RECREART
A group project with Esteban Poblano
This project seeks to resolve the question: How might we make art within museums accessible for those with vision impairment and other disabilities?
Previous solutions include 3D art recreations that imitate layout, textures, figures, or verbal descriptions of the work. Through these approaches, users can get a great understanding of the piece but it falls short on abstracted paintings that can't have a 3D or oral representation. It also does not work with artwork that heavily relies on the visual appeal of its production, such as pop art or even some concept art. In these cases, the art's essence and subjectivity are lost.
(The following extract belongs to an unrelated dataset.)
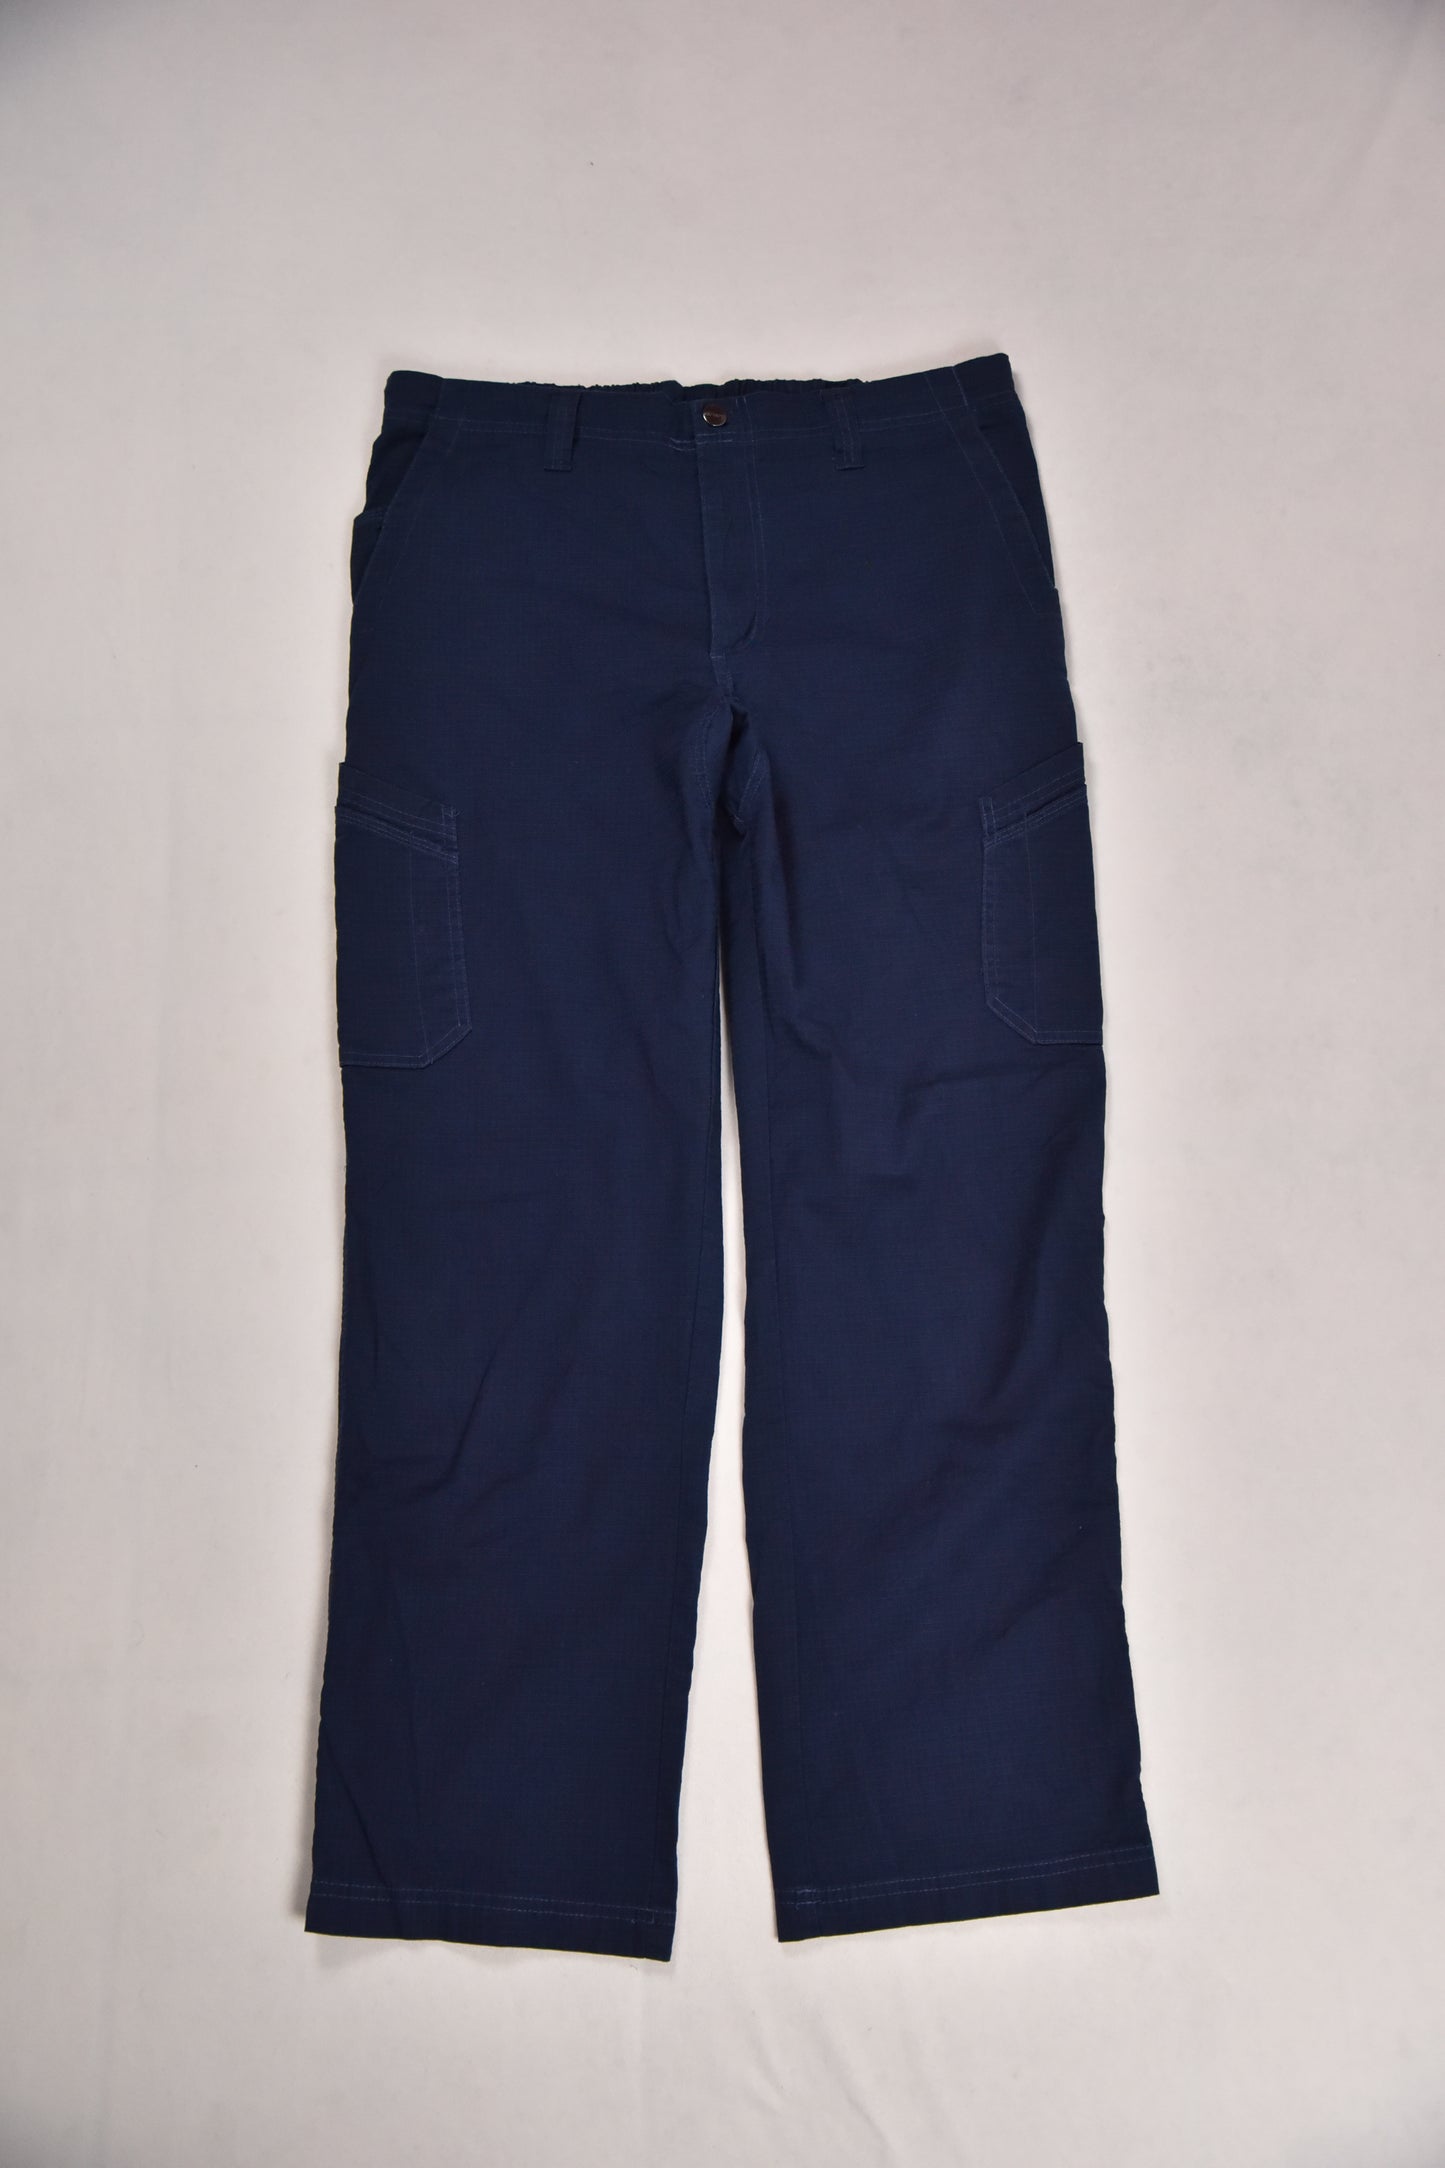 Carhartt Workwear Pants Vintage / S - L

Our solution was to replicate the creation process of the painting, allowing the user to retrace the brushstrokes within the painting. It utilizes cross-sensory techniques including auditory representations of the brushstroke to capture the speed and emotion behind each trace. The paintbrush seen in the image above (to the right of the box), would be used to make the brushstroke, which begins at the white bumps. When the brush is placed at the beginning of each stroke path, the metal coating seen at the base of the brush would activate the sonification of the brushstroke. The sonification and wiring were prototyped using the BBC Micro: bit.
It was largely an iterative process mostly reliant on Cognitive Science concepts learned in class such as cross-sensory gestalt principles and embodied cognition. I also coded a website to present this project (scroll to the bottom to see code for the homepage) on VS Code and coded the BBC: Mirobit on the block programming language.
This prototype is meant to imitate Arshile Gorky's "They Will take my Island", an abstract surrealist painting found in the AGO. The way the brushstroke would be recreated is through a representation of the painting
It is made mainly out of wood, as it provides an organic, warm feeling to the design, as well as keeping with the AGO's overall look and providing durability. The colours also match that of the AGO's and the blue and yellow. These were specifically used in the prototype, as they are compatible with the most common colour blindness, red-green. Haptic and auditory feedback was used, as these are the two senses besides sight that are stimulated during painting.